*Problem details*
Return only these lines: the one that contains "Main Image - Burberry" and every line after it through the end of the listing, exactly, without pictures.

*Information shown*
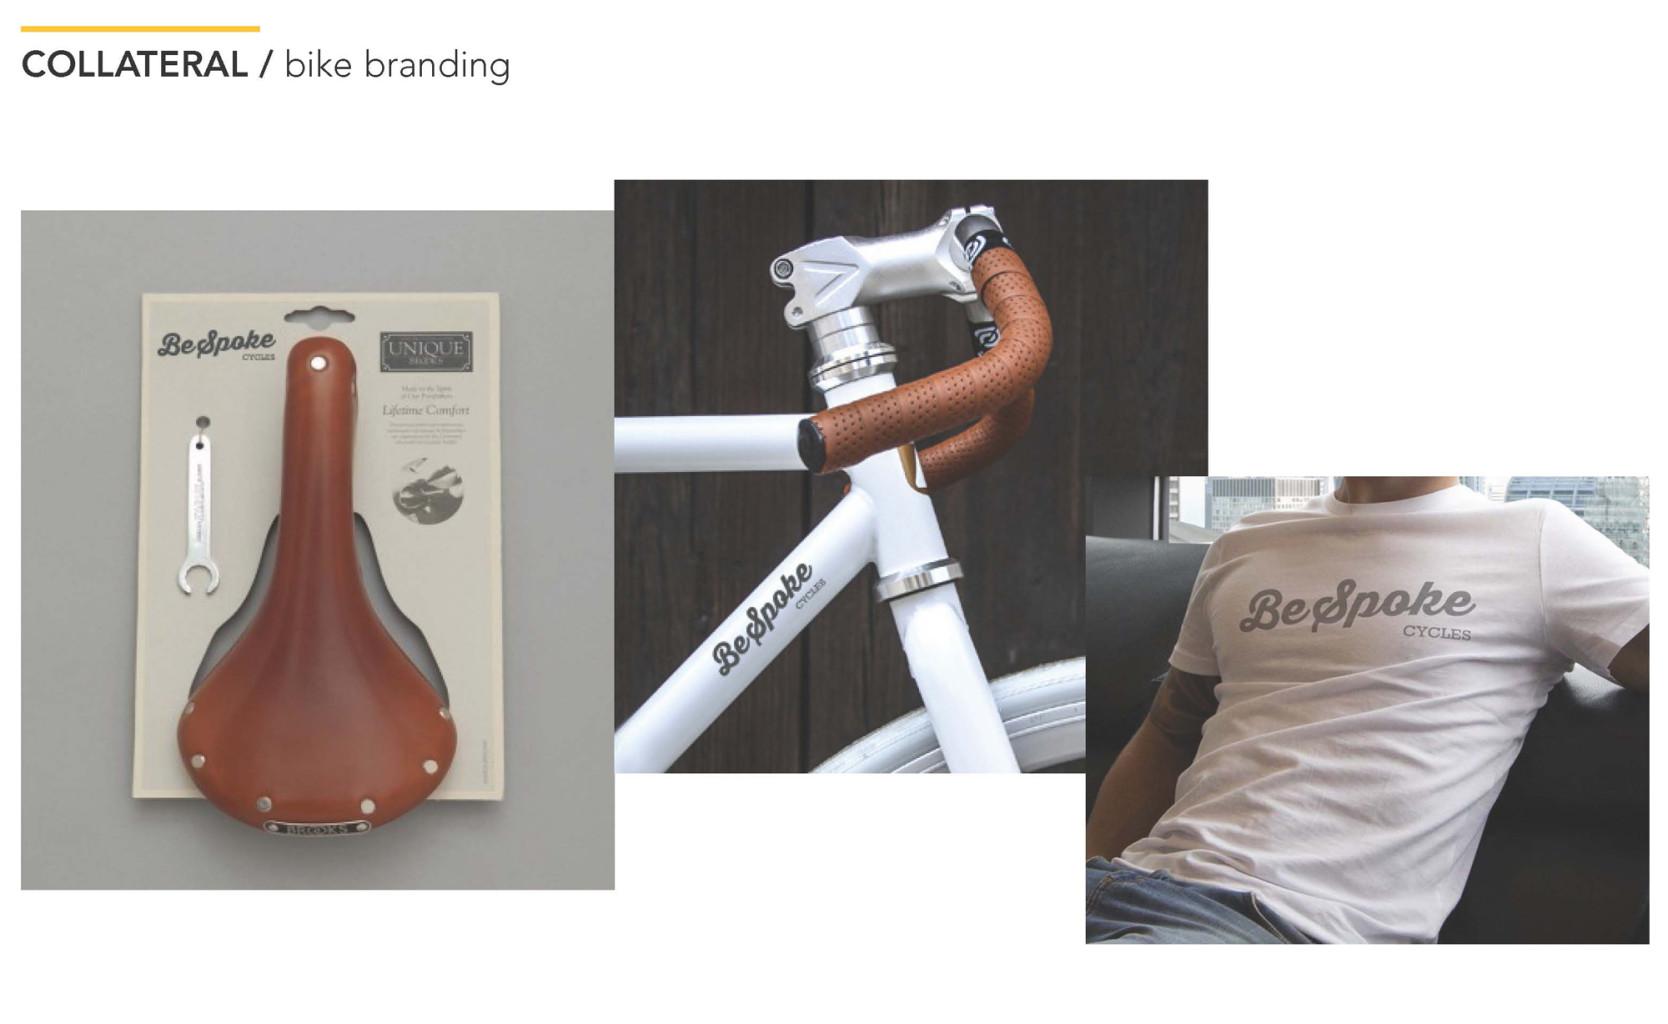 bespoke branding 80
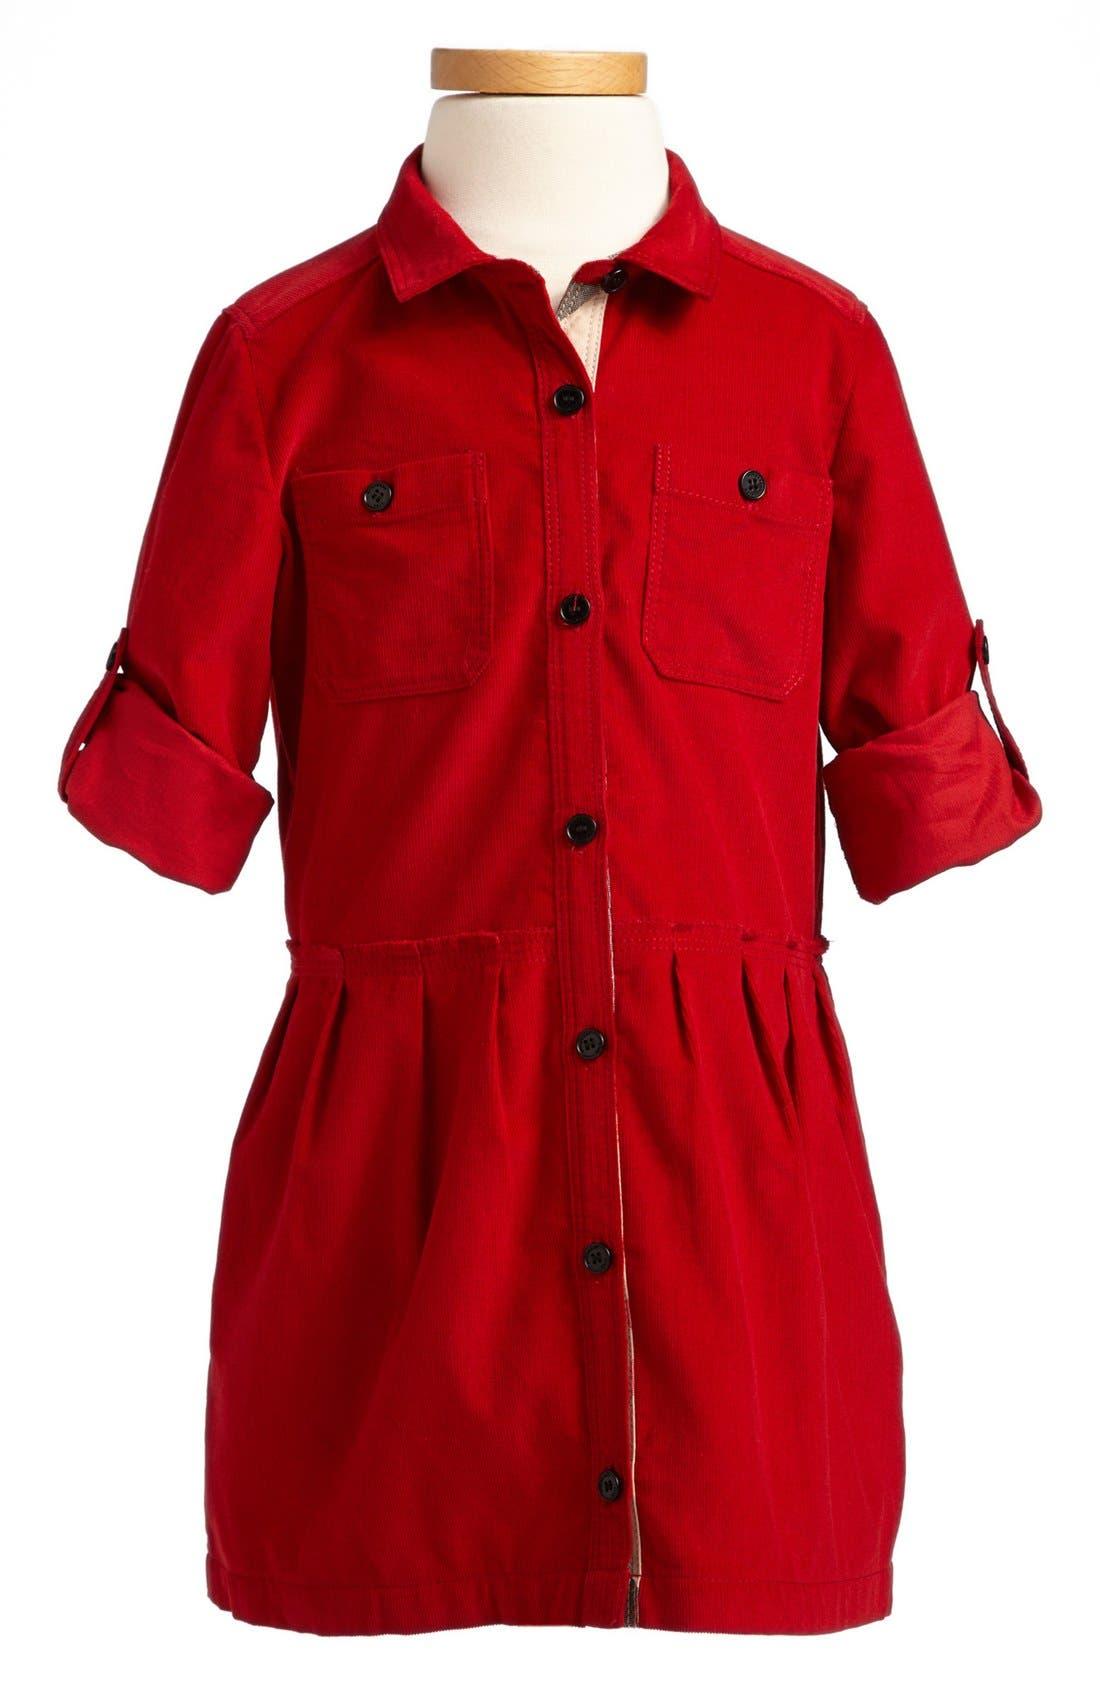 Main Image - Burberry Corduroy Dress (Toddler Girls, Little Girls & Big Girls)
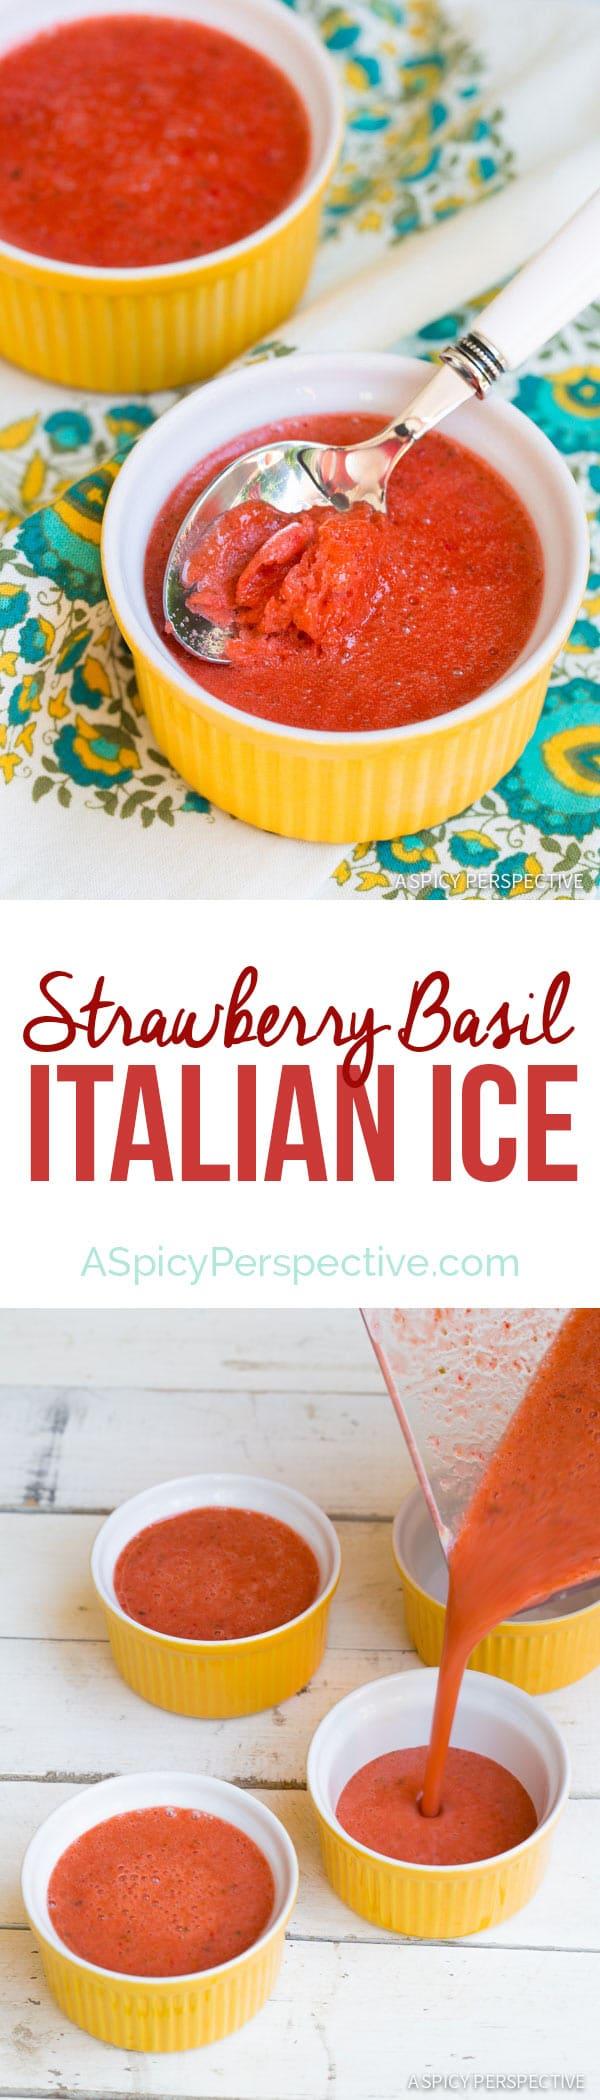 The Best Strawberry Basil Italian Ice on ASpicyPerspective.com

*Result*
 Main Image - Burberry Corduroy Dress (Toddler Girls, Little Girls & Big Girls)
 The Best Strawberry Basil Italian Ice on ASpicyPerspective.com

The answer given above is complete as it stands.